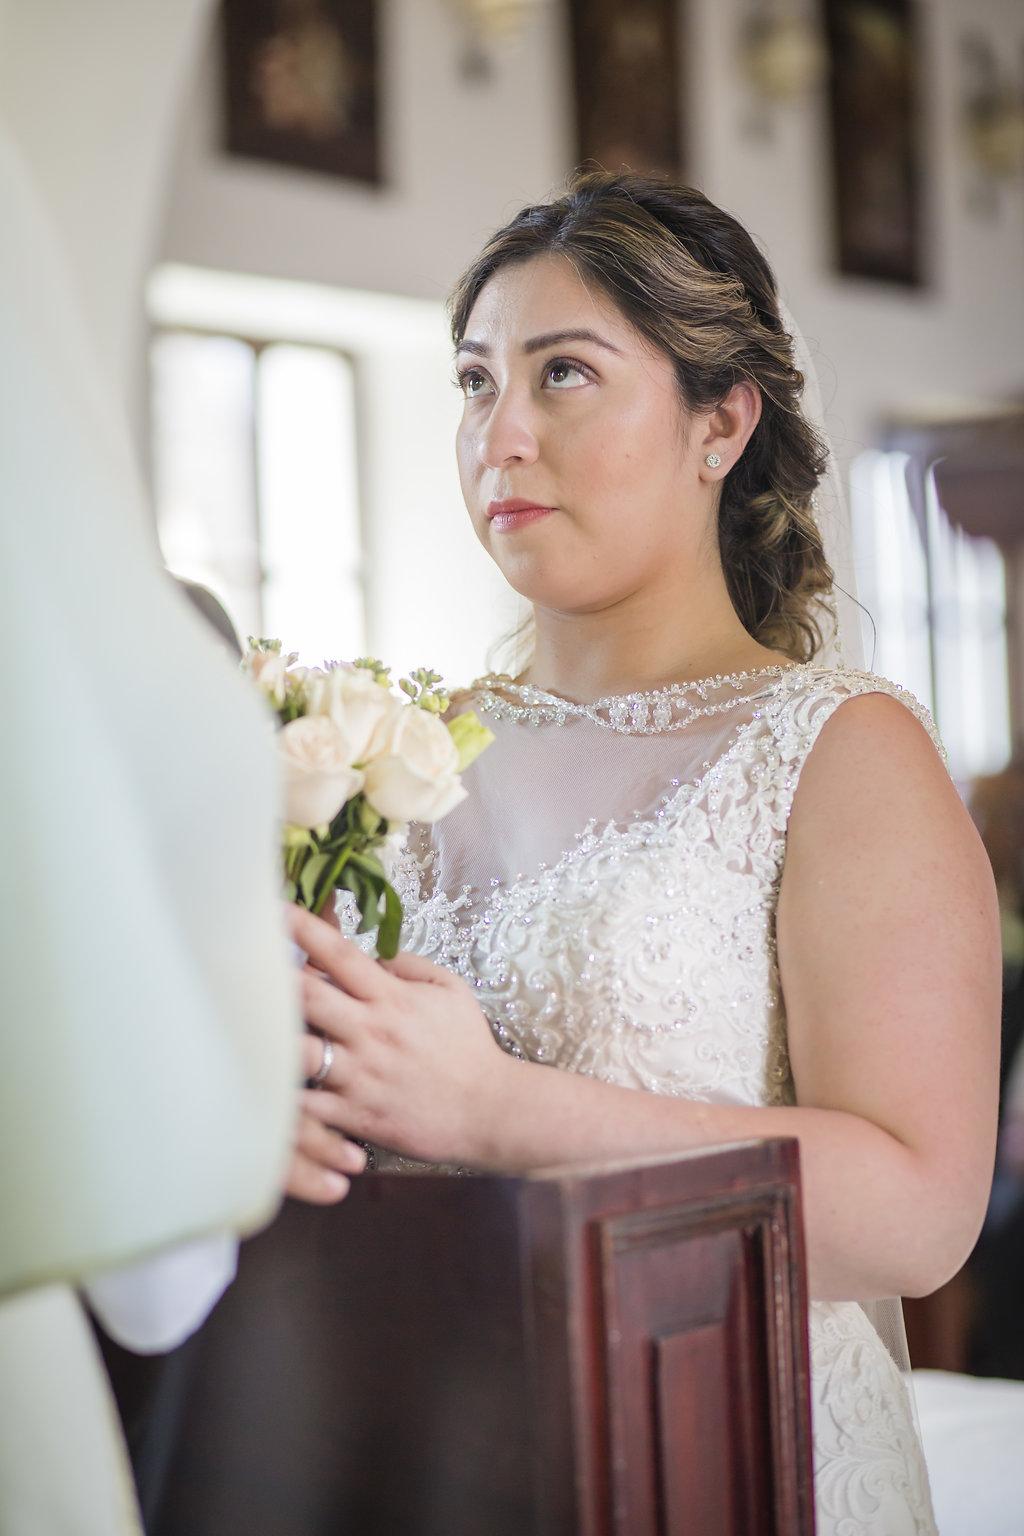 yesica-jose-beach-wedding-Villa-La-Joya--Playa-del-carmen-01--10.jpg
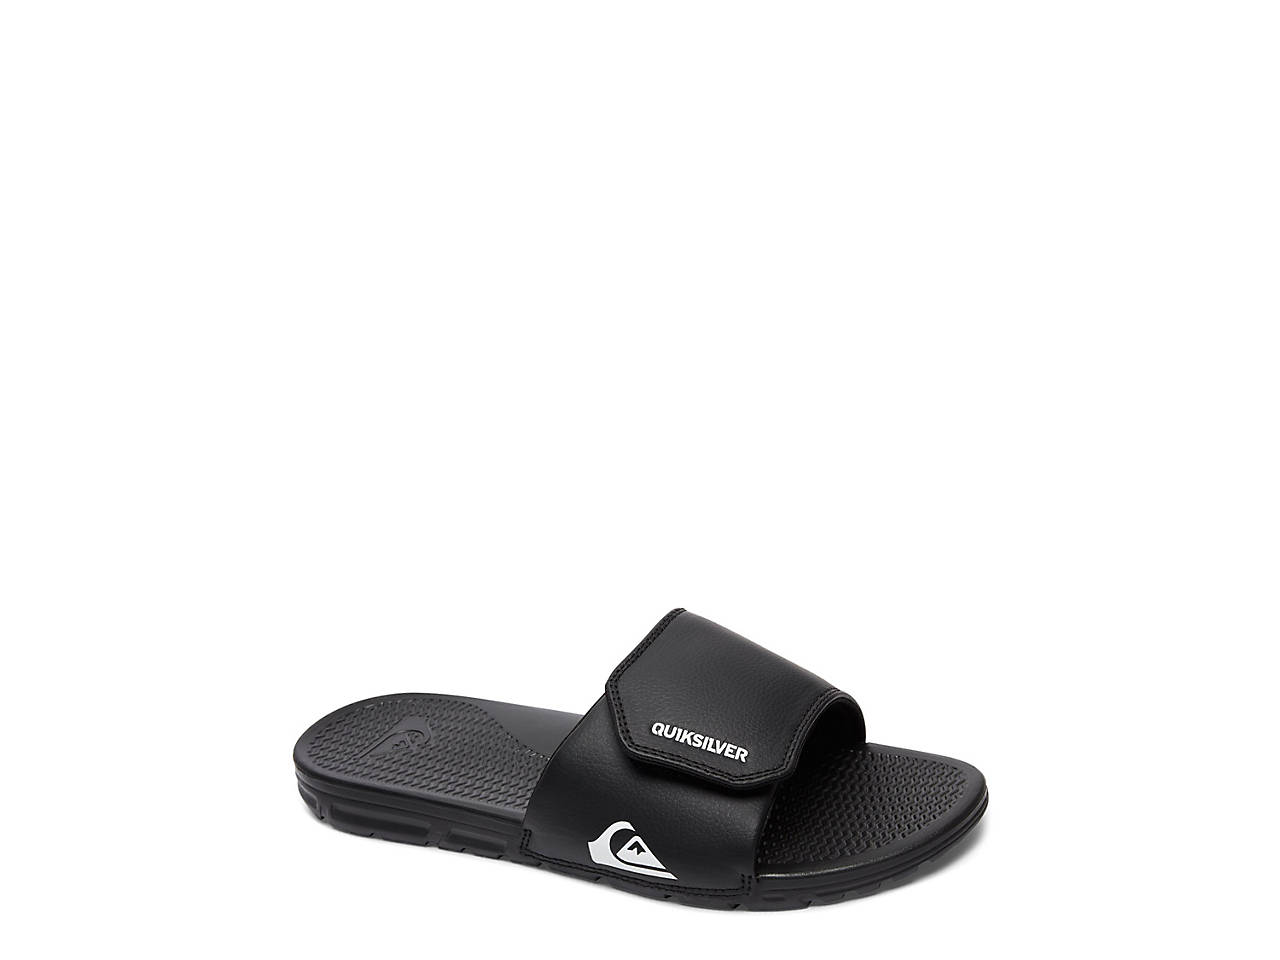 0fbc061a8fc Quiksilver Shoreline Adjust Toddler   Youth Slide Sandal Kids Shoes ...
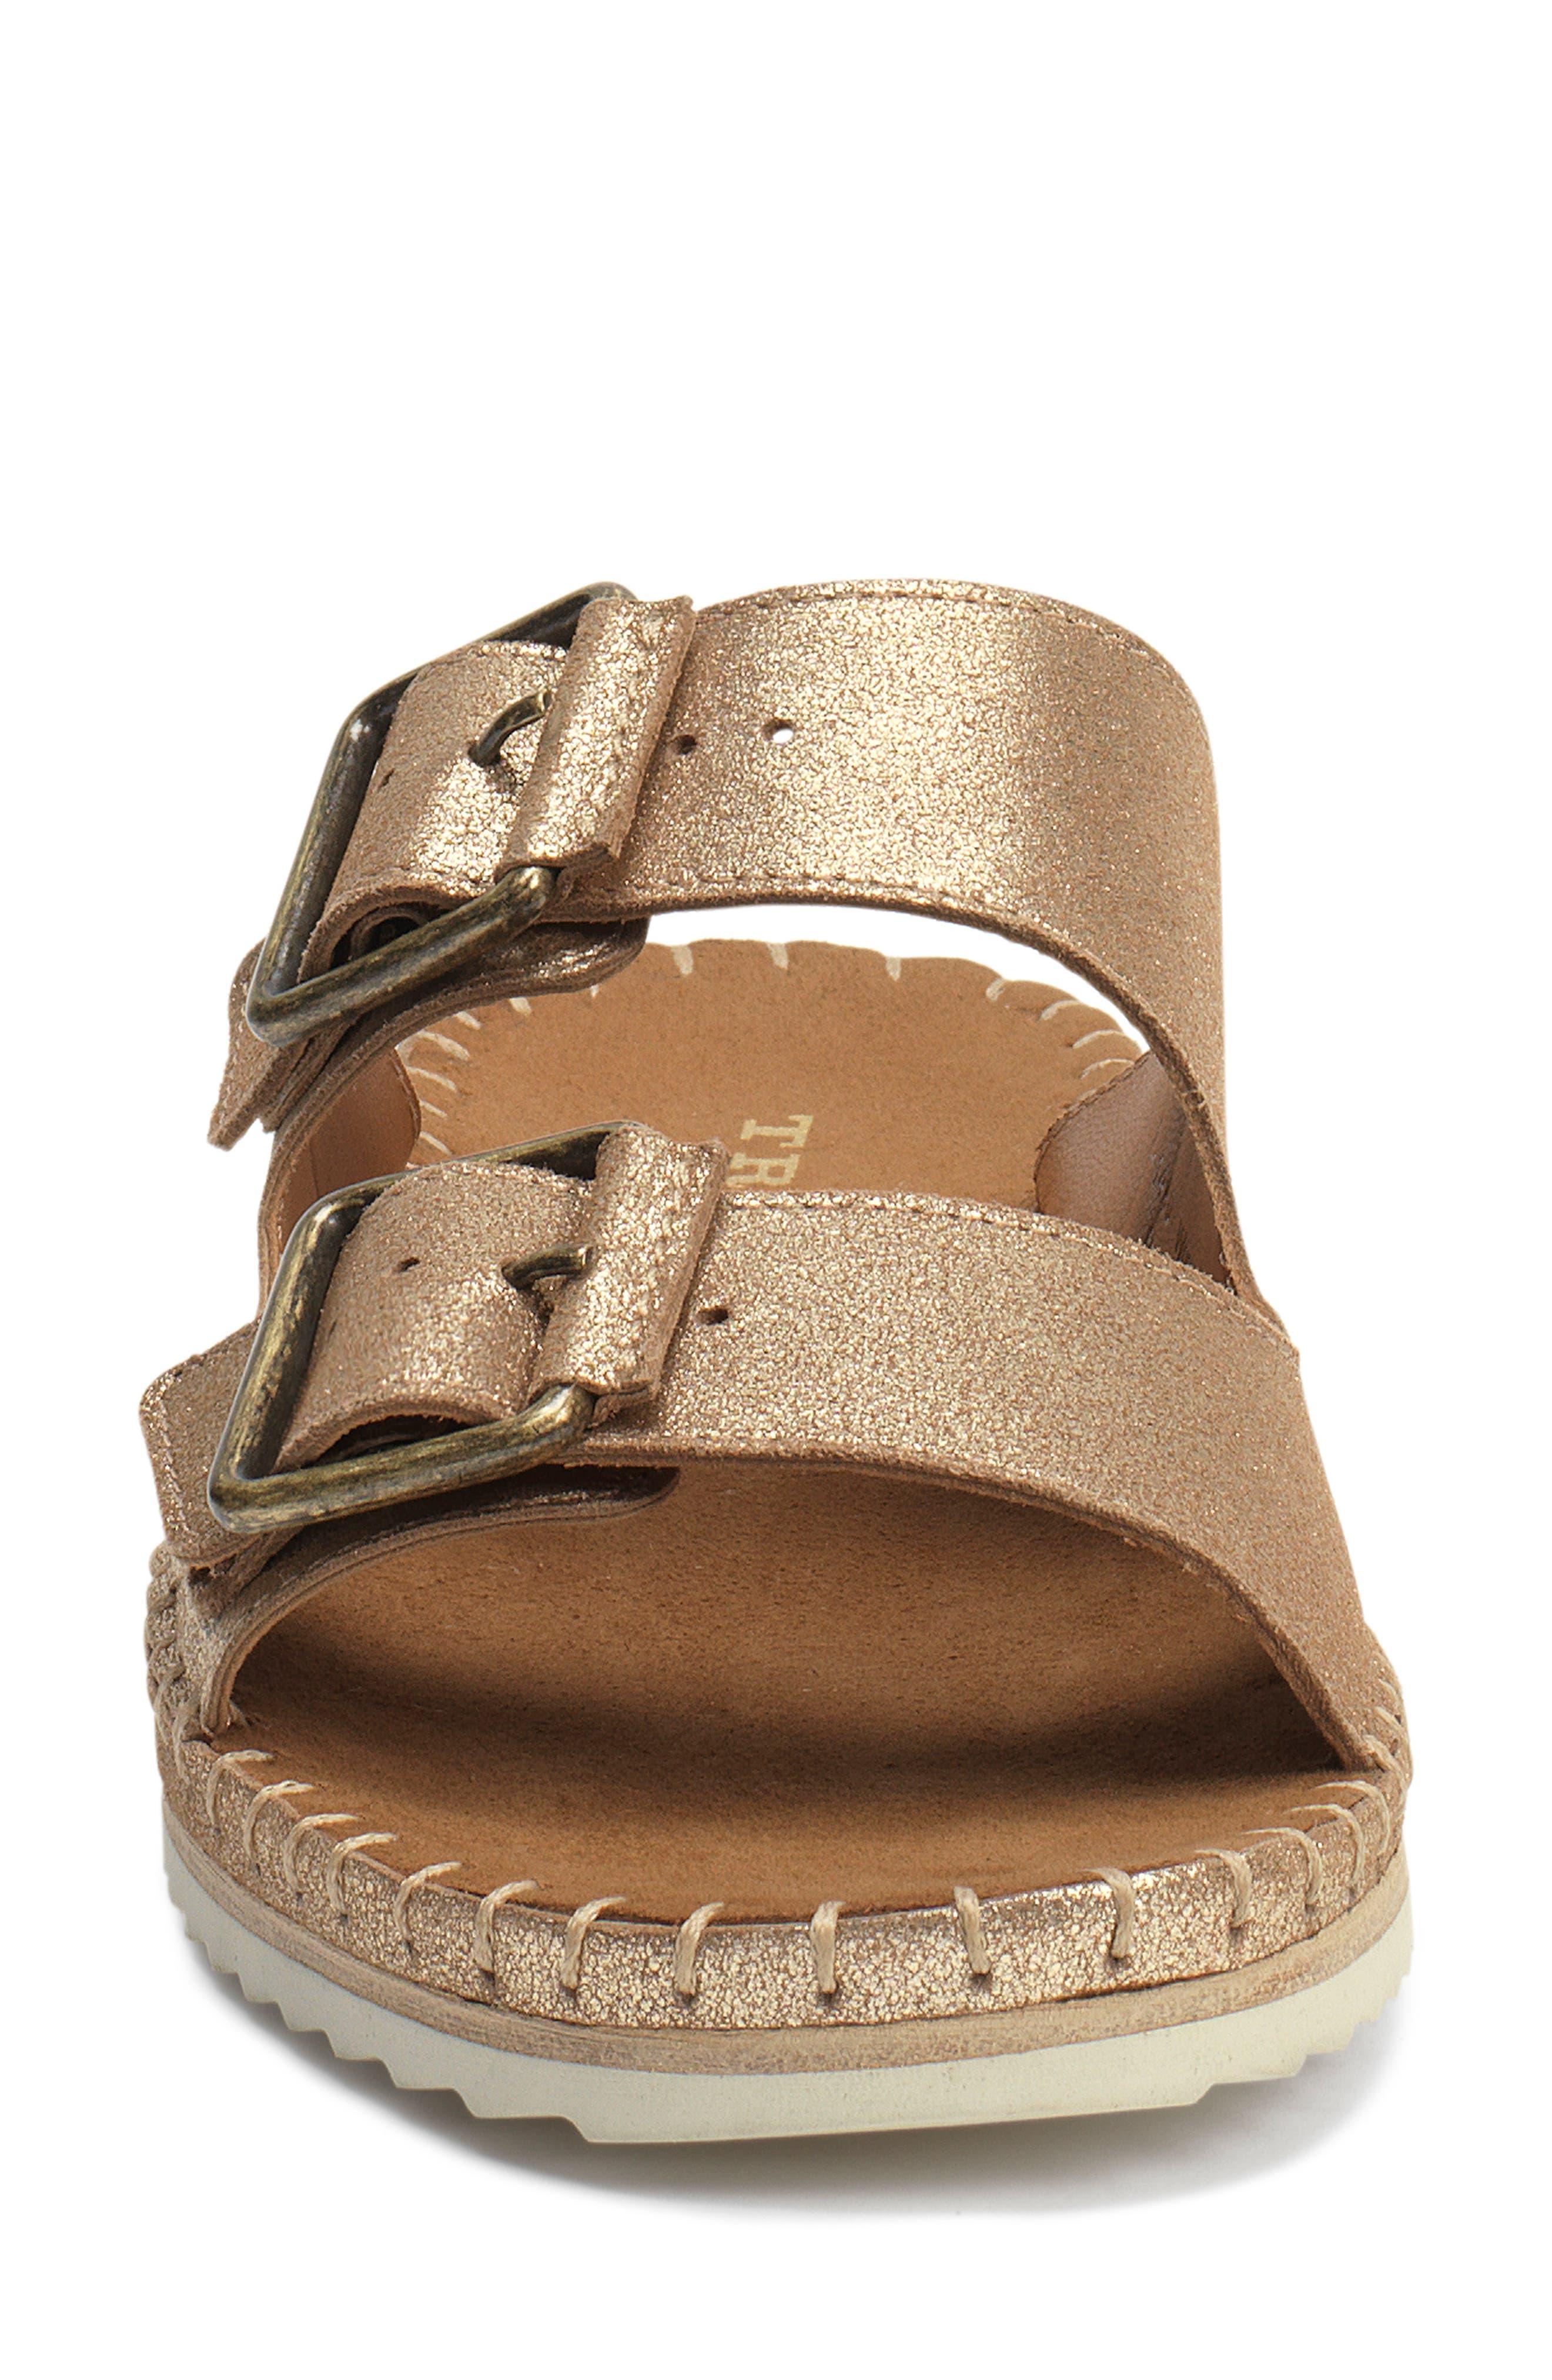 Carli Slide Sandal,                             Alternate thumbnail 4, color,                             GOLD METALLIC SUEDE
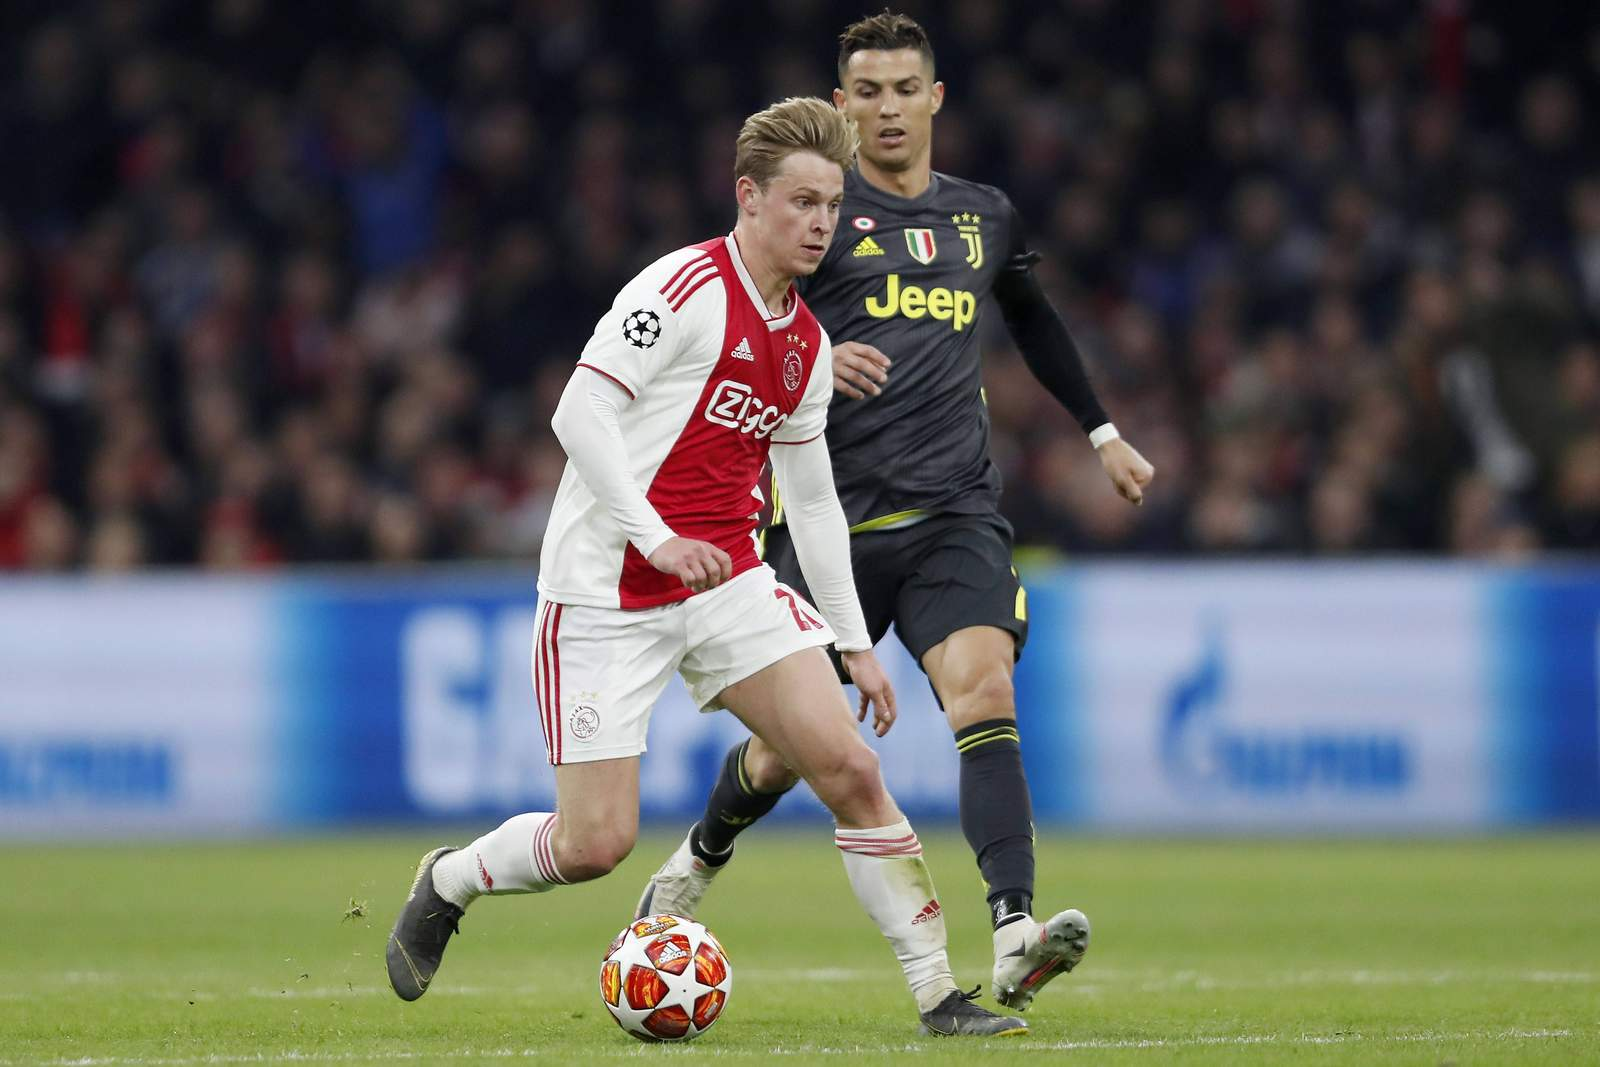 Setzt sich de Jong gegen Ronaldo durch? Jetzt auf Juventus gegen Ajax wetten

- - -

_Task requirements_
Nothing but the lines from the one containing "GOLD METALLIC SUEDE" through the end of the listing should be printed, each exactly as it appears and without pictures.

_Written answer_
 Carli Slide Sandal,                             Alternate thumbnail 4, color,                             GOLD METALLIC SUEDE
 Setzt sich de Jong gegen Ronaldo durch? Jetzt auf Juventus gegen Ajax wetten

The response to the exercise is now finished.